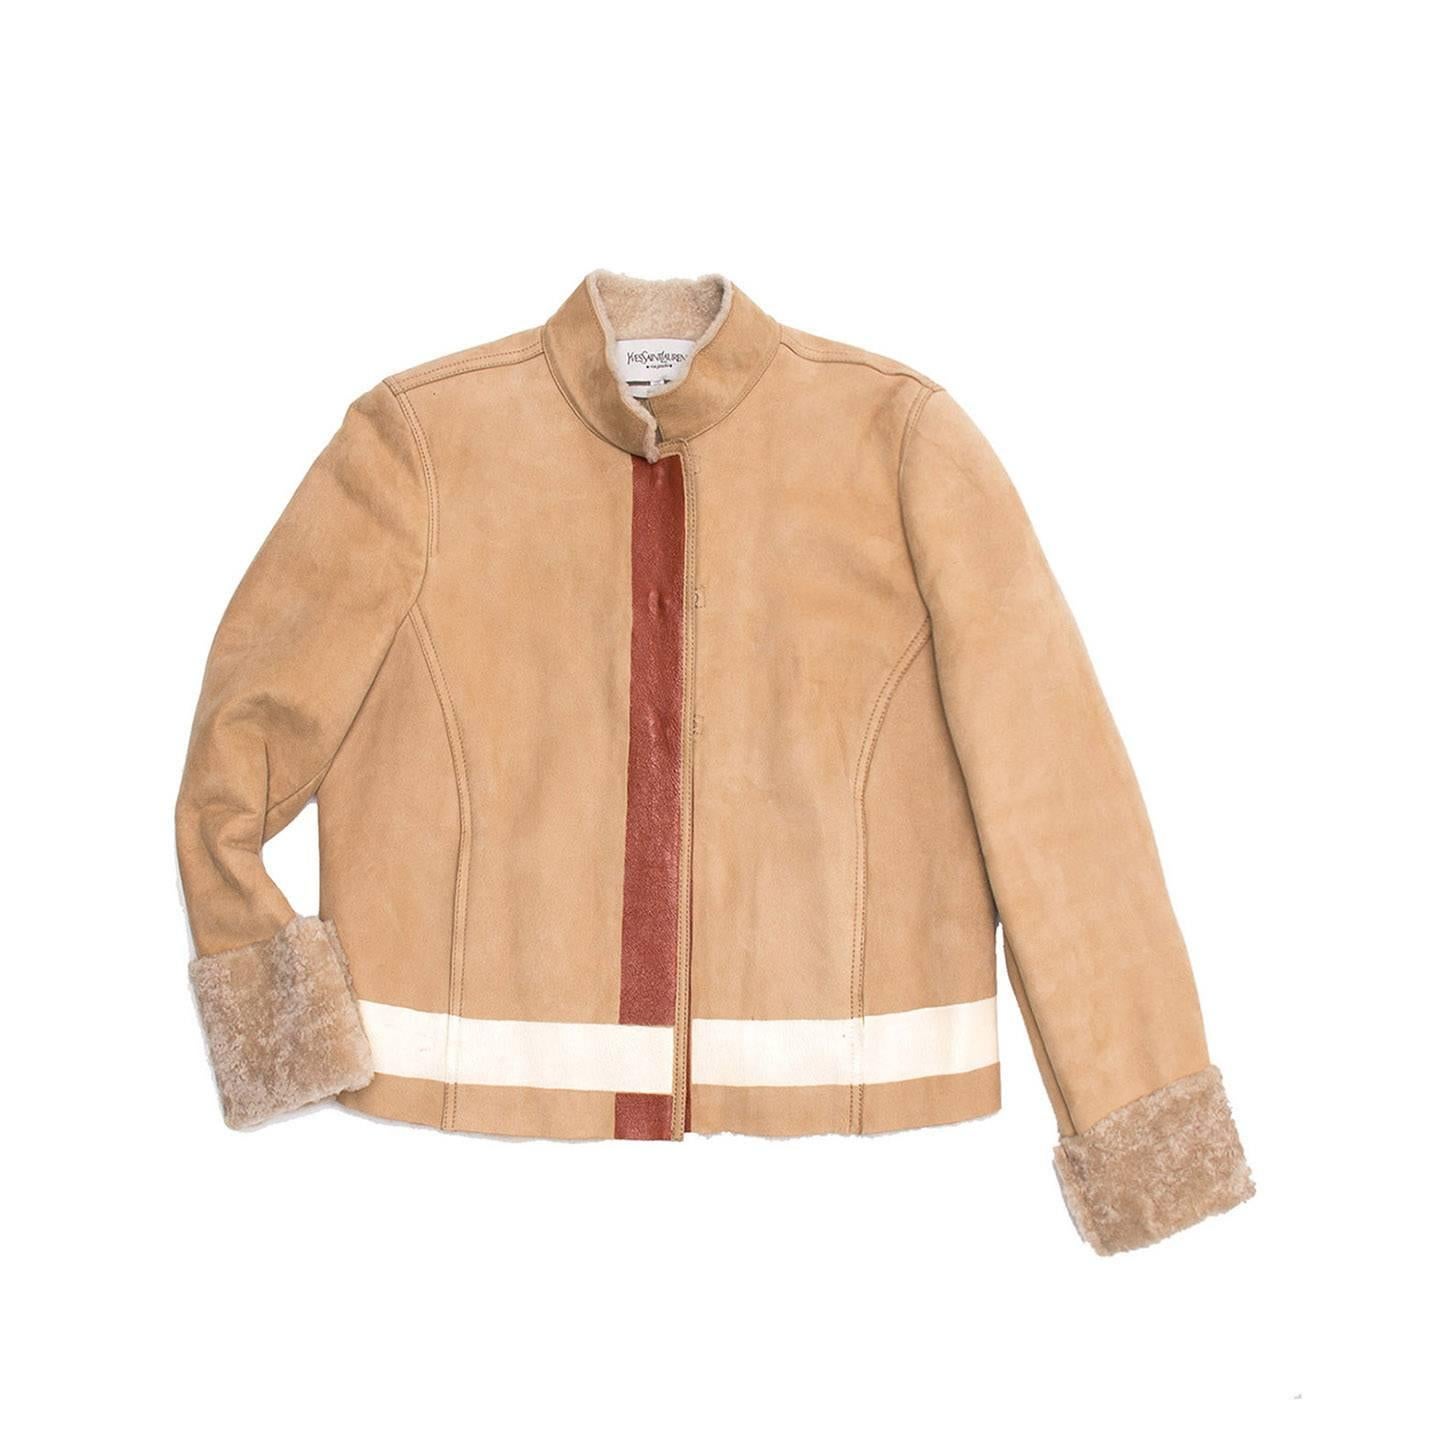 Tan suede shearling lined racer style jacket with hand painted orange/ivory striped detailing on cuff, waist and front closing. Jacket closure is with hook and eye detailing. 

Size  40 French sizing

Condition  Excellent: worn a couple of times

**Required work:** Your reply should be the full data above, copied exactly, with no pictures in it.

**Solution for this problem:**
 Tan suede shearling lined racer style jacket with hand painted orange/ivory striped detailing on cuff, waist and front closing. Jacket closure is with hook and eye detailing. 

Size  40 French sizing

Condition  Excellent: worn a couple of times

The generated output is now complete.